Exercise brief: All that is needed is an exact repetition of the lines from the one containing "3-06117 (Cars-Sedan 4D)" through the final line of the material, without pictures.

Input data:
━━━━━━━━━━

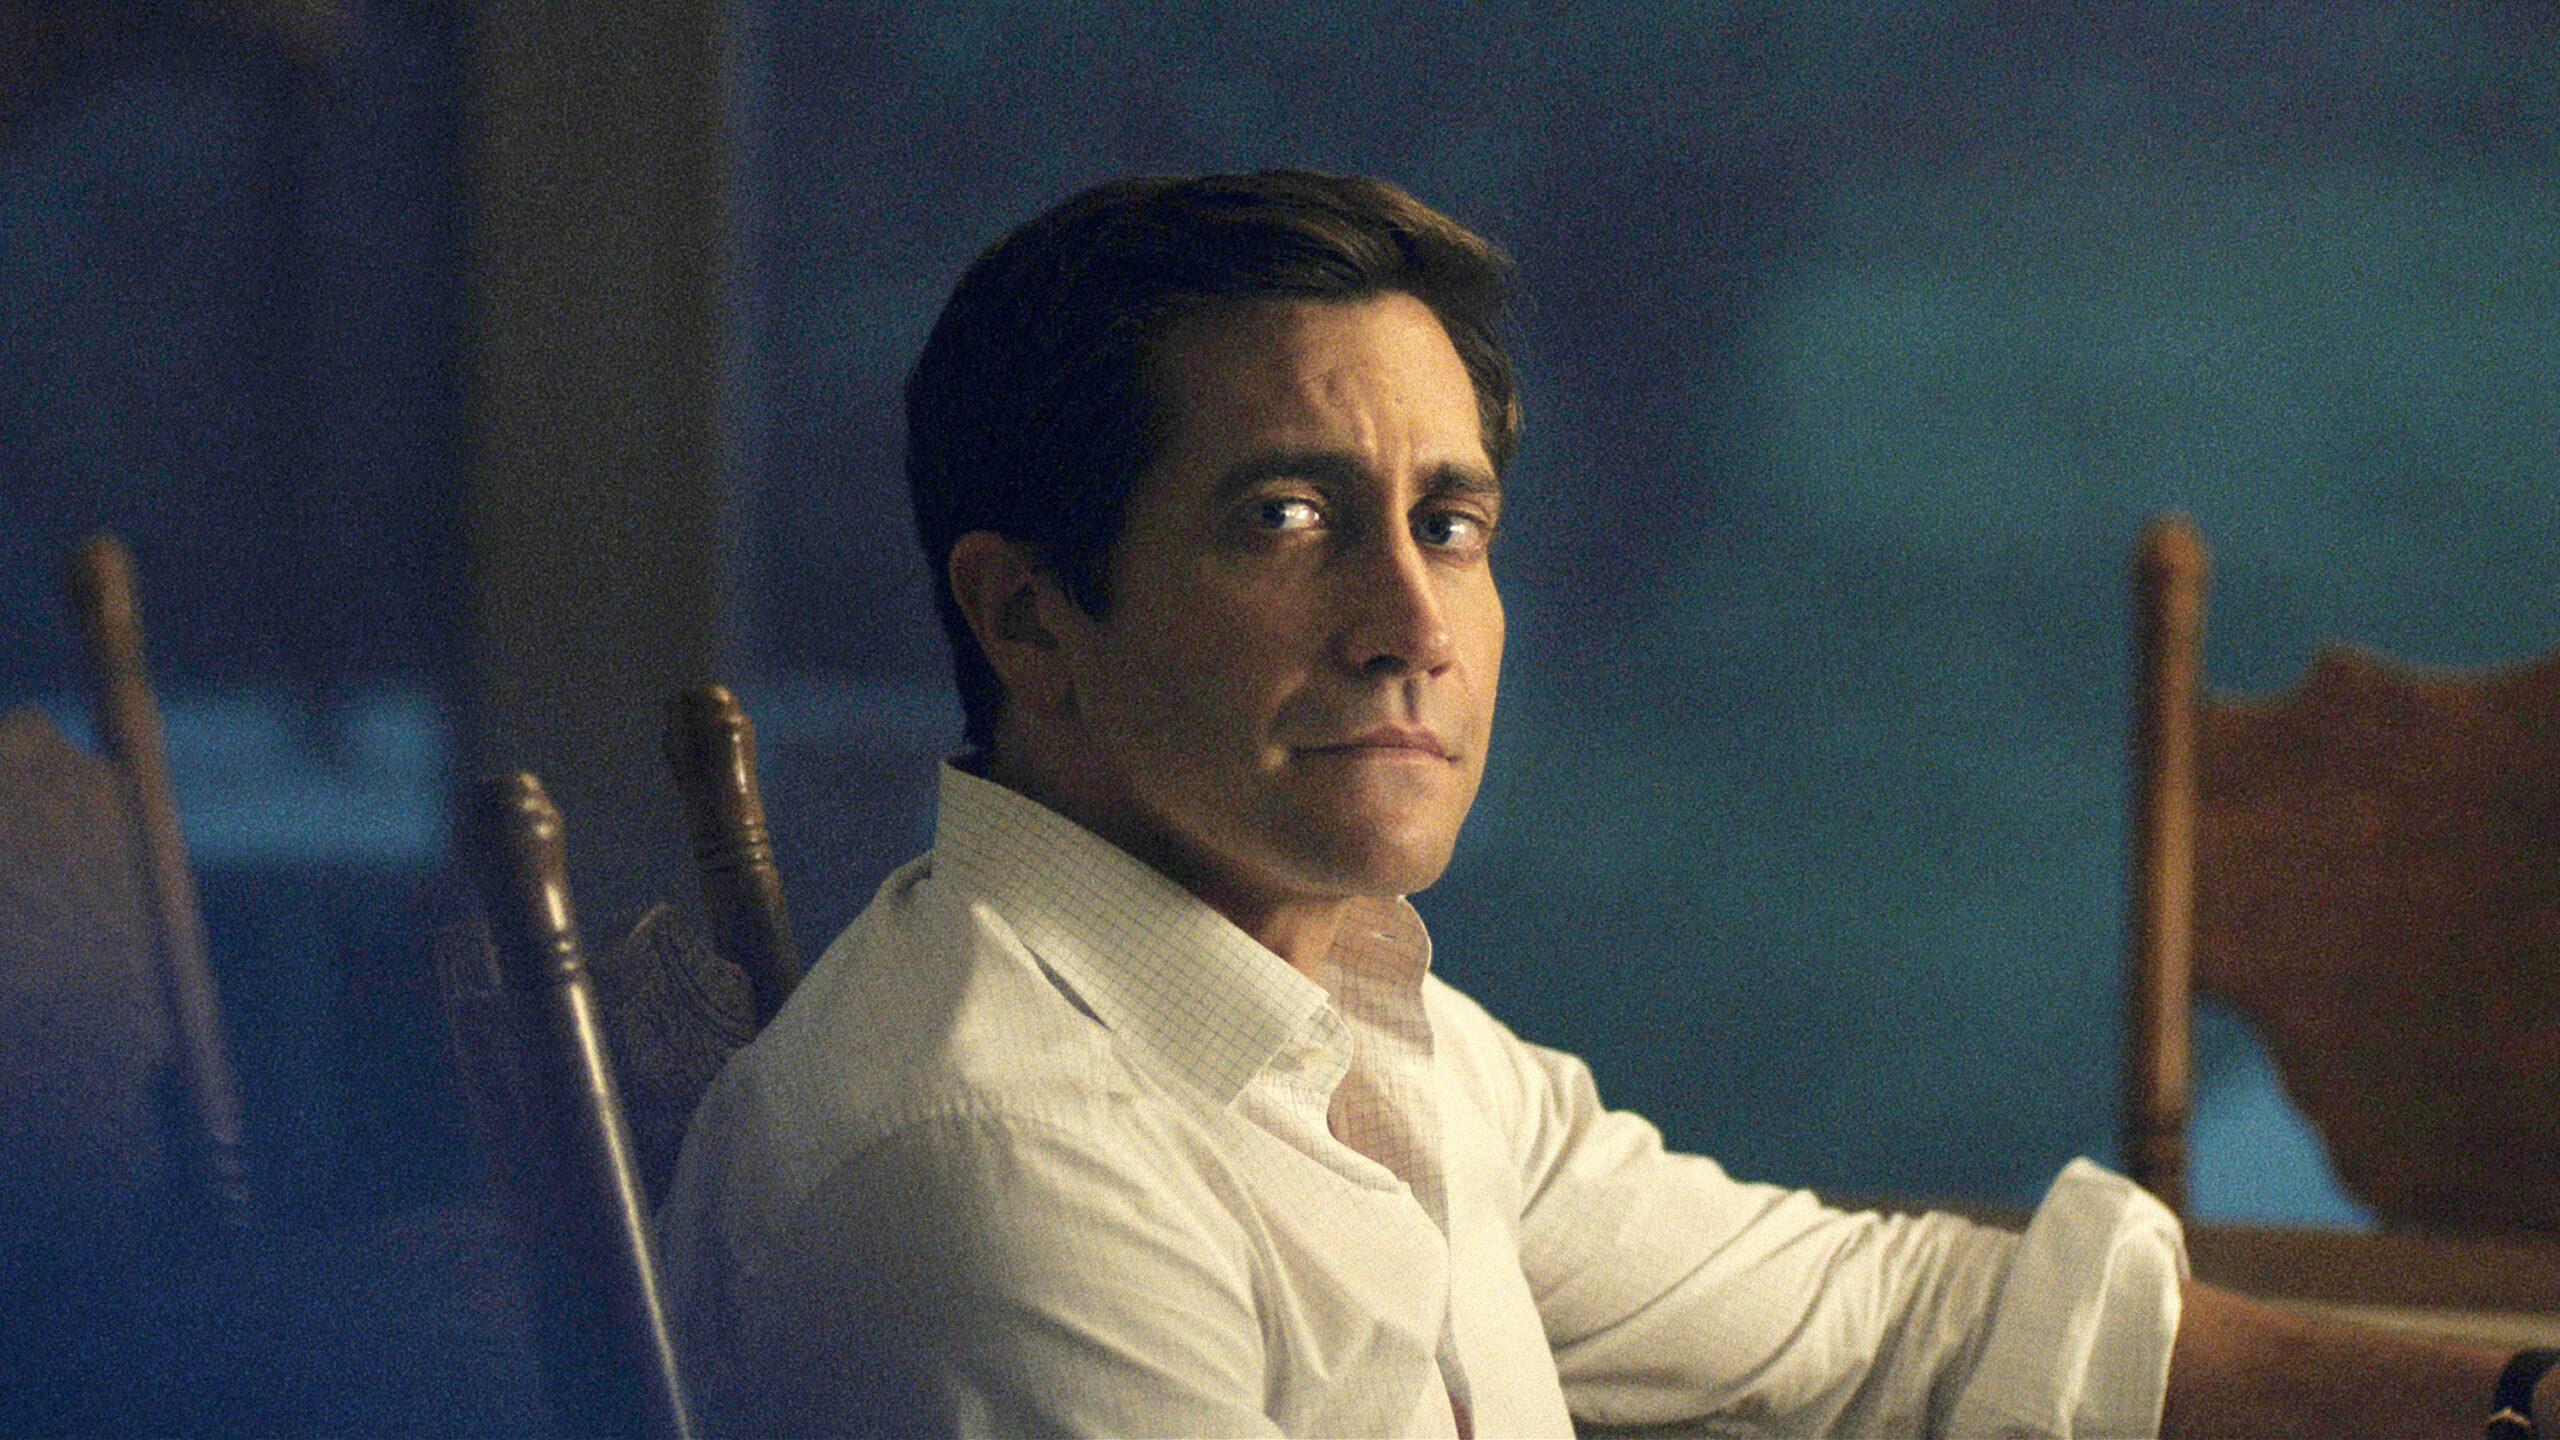 Jake Gyllenhaal Debuts in TV Series with Crime Drama Presumed Innocent
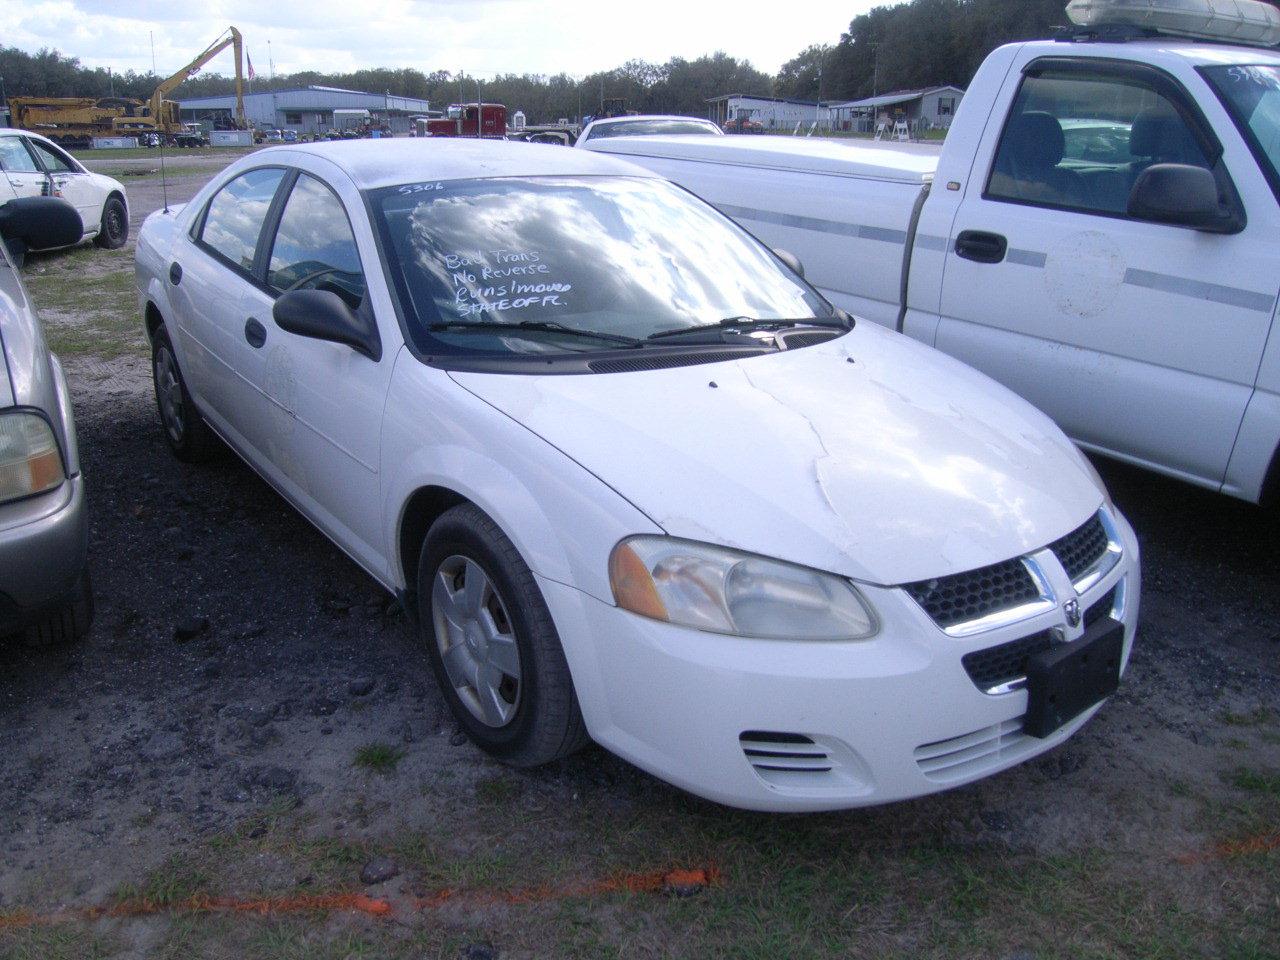 3-06117 (Cars-Sedan 4D)  Seller:Florida State DOT 2004 DODG STRATUS
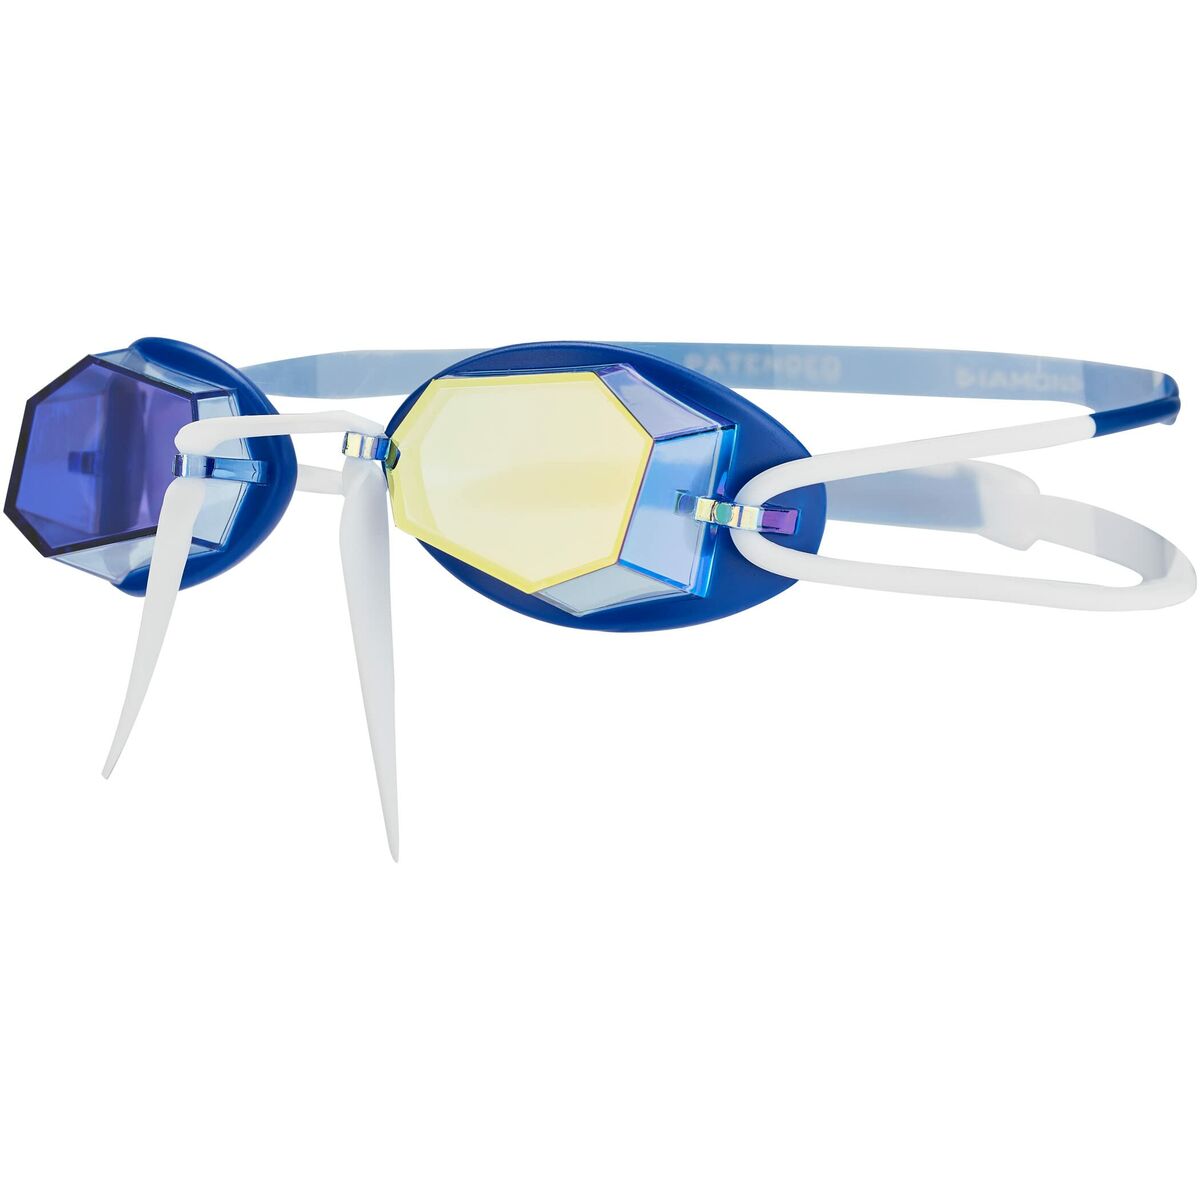 Swimming Goggles Zoggs Diamond Mirror Blue White One size

━━━━━━━━━━

Answer box:
 3-06117 (Cars-Sedan 4D)  Seller:Florida State DOT 2004 DODG STRATUS
 Swimming Goggles Zoggs Diamond Mirror Blue White One size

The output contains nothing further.